Requirement -> What is the number of lines below that contain the word "Medium"? Give only that number.

Entries supplied ->

++++

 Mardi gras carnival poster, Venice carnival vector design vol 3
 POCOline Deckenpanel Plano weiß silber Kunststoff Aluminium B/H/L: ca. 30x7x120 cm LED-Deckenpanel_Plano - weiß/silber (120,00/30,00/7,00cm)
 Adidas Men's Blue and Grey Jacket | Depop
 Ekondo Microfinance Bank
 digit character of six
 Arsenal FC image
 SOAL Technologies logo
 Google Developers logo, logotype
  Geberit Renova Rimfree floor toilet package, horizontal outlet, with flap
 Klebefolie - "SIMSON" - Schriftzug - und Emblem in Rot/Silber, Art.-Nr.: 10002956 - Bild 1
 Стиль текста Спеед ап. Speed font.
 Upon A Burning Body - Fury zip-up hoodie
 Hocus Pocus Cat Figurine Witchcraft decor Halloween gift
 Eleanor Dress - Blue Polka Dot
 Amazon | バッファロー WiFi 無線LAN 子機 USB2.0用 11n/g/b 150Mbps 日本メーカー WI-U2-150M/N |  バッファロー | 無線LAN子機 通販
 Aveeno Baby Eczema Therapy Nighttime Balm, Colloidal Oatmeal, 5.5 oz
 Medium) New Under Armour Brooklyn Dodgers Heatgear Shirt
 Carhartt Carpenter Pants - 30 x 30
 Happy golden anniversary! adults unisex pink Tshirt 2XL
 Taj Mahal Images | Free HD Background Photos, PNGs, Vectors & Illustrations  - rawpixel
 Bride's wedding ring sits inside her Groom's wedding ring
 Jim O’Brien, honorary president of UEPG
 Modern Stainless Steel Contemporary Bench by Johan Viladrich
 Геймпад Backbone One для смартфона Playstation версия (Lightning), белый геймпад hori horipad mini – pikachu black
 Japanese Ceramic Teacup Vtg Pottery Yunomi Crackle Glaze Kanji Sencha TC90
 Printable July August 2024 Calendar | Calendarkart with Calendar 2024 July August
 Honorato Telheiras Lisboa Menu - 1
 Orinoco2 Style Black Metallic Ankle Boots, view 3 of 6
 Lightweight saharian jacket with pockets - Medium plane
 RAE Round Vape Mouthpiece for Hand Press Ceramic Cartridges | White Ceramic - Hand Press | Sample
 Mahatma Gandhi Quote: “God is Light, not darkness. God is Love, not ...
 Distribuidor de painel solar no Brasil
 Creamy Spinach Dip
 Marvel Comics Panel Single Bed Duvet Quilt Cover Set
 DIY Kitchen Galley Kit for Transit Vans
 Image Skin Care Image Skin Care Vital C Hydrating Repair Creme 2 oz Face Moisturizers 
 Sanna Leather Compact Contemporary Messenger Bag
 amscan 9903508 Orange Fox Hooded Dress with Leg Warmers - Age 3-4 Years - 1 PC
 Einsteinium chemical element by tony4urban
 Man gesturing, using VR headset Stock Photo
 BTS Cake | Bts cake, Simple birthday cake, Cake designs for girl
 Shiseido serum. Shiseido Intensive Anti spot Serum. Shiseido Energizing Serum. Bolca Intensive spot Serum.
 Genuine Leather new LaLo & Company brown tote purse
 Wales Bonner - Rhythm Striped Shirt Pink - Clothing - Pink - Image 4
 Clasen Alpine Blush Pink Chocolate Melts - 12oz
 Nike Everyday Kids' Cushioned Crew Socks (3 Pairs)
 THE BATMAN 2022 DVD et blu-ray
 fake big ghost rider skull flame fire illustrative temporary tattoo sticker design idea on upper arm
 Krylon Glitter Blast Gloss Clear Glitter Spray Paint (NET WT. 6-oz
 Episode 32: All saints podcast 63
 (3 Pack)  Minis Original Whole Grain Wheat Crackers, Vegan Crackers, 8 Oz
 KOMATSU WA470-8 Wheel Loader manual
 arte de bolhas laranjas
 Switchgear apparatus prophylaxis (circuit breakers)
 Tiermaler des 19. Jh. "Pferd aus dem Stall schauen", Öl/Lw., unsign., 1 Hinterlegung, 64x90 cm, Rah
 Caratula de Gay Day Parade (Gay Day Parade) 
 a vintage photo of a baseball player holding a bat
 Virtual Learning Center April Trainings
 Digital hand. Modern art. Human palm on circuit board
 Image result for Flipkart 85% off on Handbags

++++

Answer to this exercise -> 2